Good and upright is the Lord;
therefore he instructs sinners in the way.
He leads the humble in what is right,
and teaches the humble his way.
All the paths of the Lordare steadfast love and faithfulness,
for those who keep his covenant and his decrees.
The friendship of the Lordis for those who fear him,
and he makes his covenant known to them.
Reading the Word
The days are surely coming, says the Lord, when I will fulfill the promise I made to the house of Israel and the house of Judah. In those days and at that time I will cause a righteous Branch to spring up for David; and he shall execute justice and righteousness in the land. In those days Judah will be saved and Jerusalem will live in safety. And this is the name by which it will be called: “The Lordis our righteousness.”
1 Thessalonians 3:12–4:2
And may the Lord make you increase and abound in love for one another and for all, just as we abound in love for you. And may he so strengthen your hearts in holiness that you may be blameless before our God and Father at the coming of our Lord Jesus with all his saints.

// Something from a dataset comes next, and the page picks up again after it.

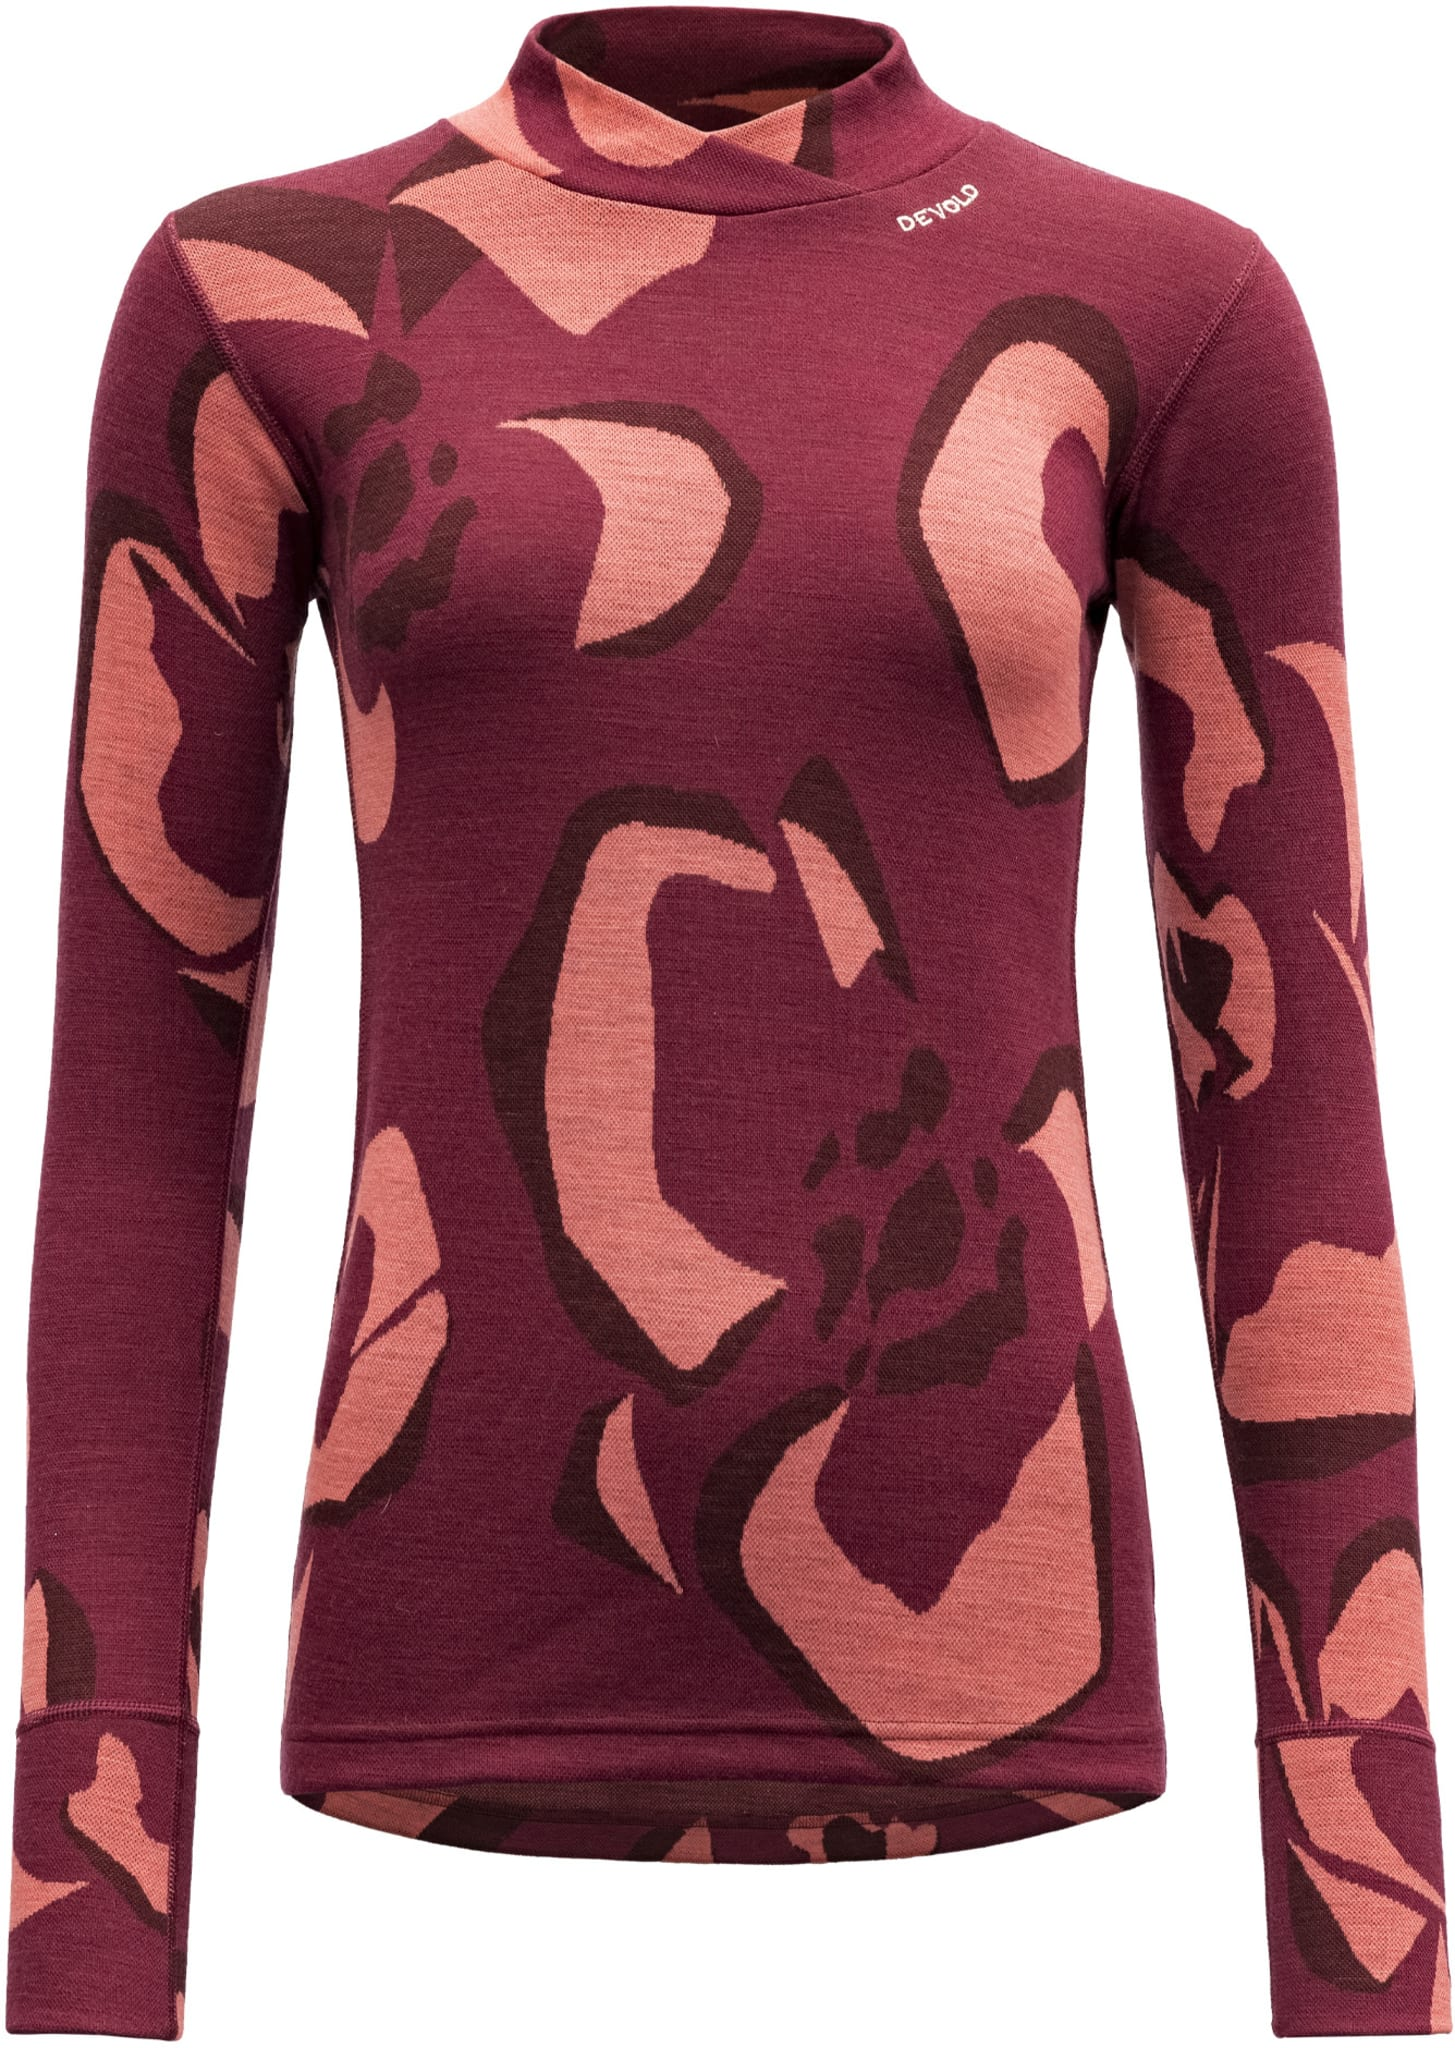 Camo Flower Woman Shirt
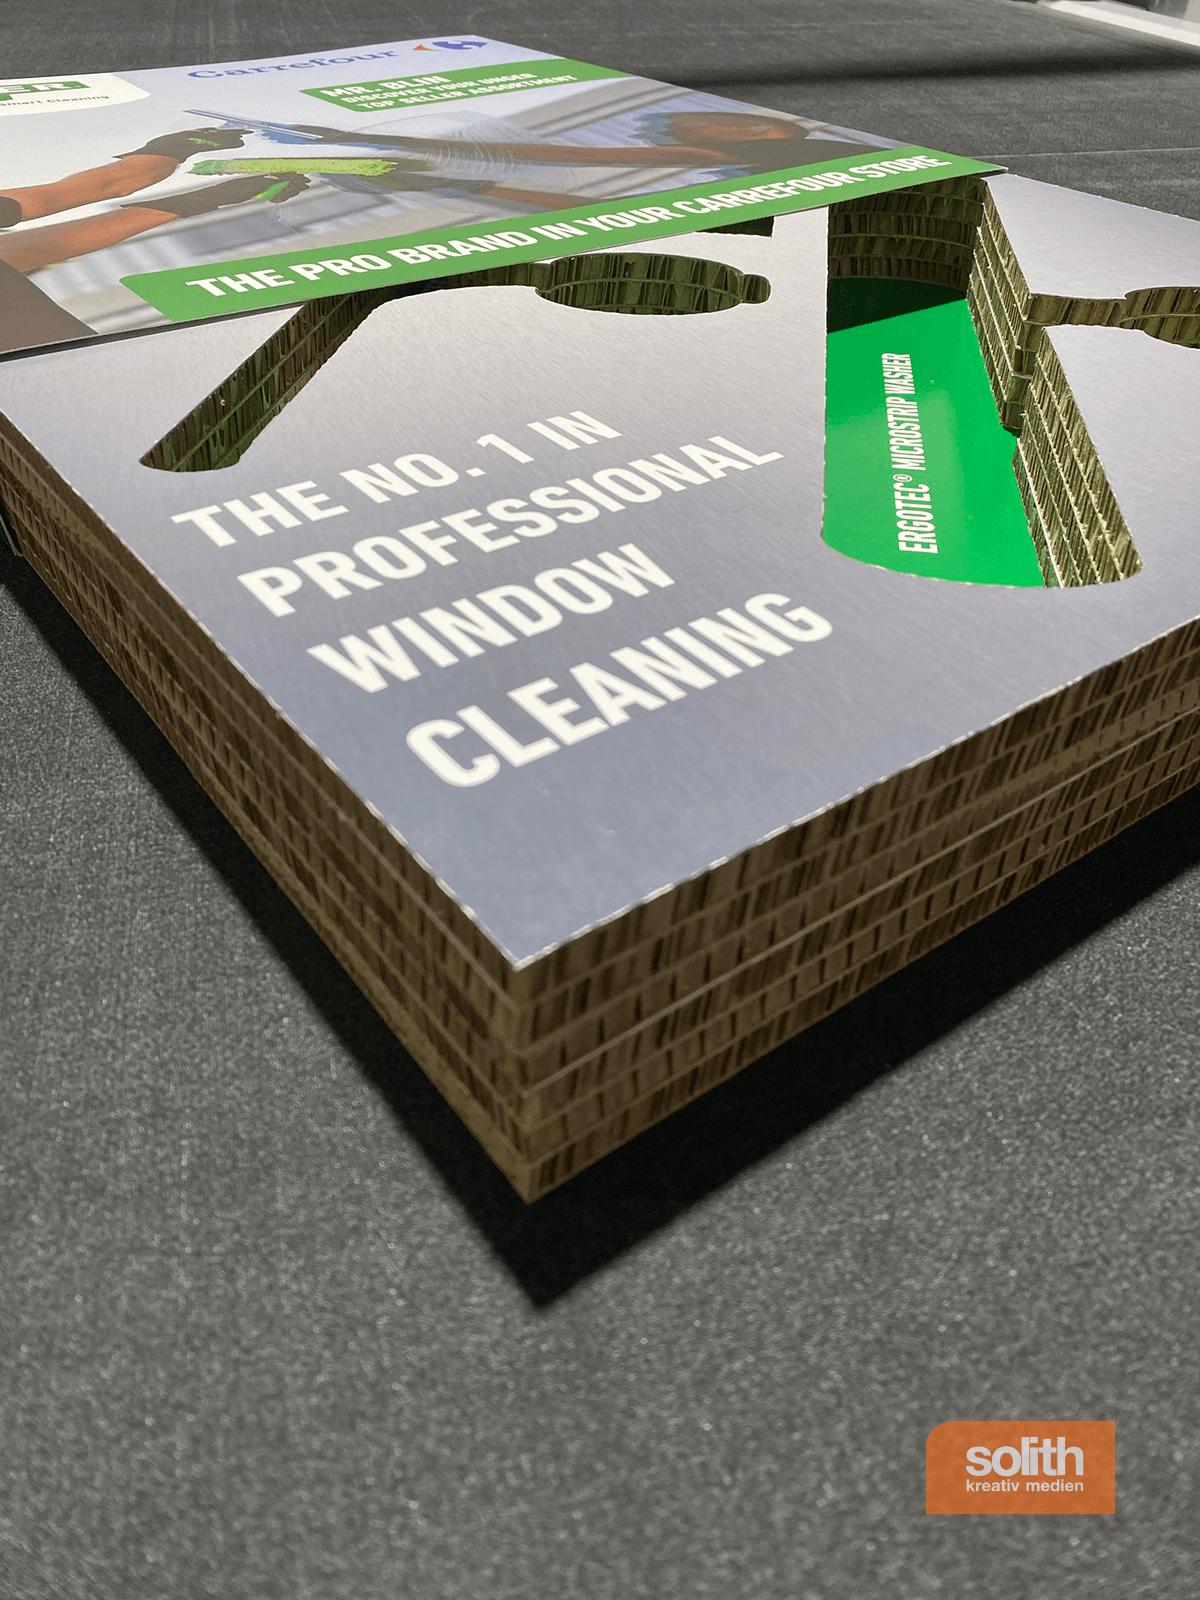 aufwaendige-Verpackungen-1

Finally, brothers and sisters, we ask and urge you in the Lord Jesus that, as you learned from us how you ought to live and to please God (as, in fact, you are doing), you should do so more and more. For you know what instructions we gave you through the Lord Jesus.
Luke 21:25–28, 34–36
Jesus said, “There will be signs in the sun, the moon, and the stars, and on the earth distress among nations confused by the roaring of the sea and the waves. People will faint from fear and foreboding of what is coming upon the world, for the powers of the heavens will be shaken. Then they will see ‘the Son of Man coming in a cloud’ with power and great glory. Now when these things begin to take place, stand up and raise your heads, because your redemption is drawing near.”
“Be on guard so that your hearts are not weighed down with dissipation and drunkenness and the worries of this life, and that day does not catch you unexpectedly, like a trap. For it will come upon all who live on the face of the whole earth. Be alert at all times, praying that you may have the strength to escape all these things that will take place, and to stand before the Son of Man.”
Hearing the Word
“Coming in Majesty”
Today, with the celebration of the First Sunday of Advent, the Church begins Liturgical Year “C”. All four Sundays of Advent offer helpful instruction and admonition meant to prepare the faithful for an encounter with Christ during the Christmas season and far beyond. Today’s liturgy emphasises the certainty of the coming of the Lord in majesty, at an unexpected time. It also provides valuable suggestions on how to prepare for this encounter.
In the first reading, the prophet Jeremiah speaks about a prosperous and bright future for the people of Israel. Jeremiah lived and prophesied during a very troubled historical period, shortly before, and during, the destruction of his country Judah, and of Jerusalem and its Temple. The book of Jeremiah contains a great number of frightening passages, speaking about death, destruction, and exile. Equally frequent is Jeremiah’s condemnation of the Israelite leaders, particularly the kings, whose disastrous rule led to the destruction of Jerusalem, and the scattering of the people.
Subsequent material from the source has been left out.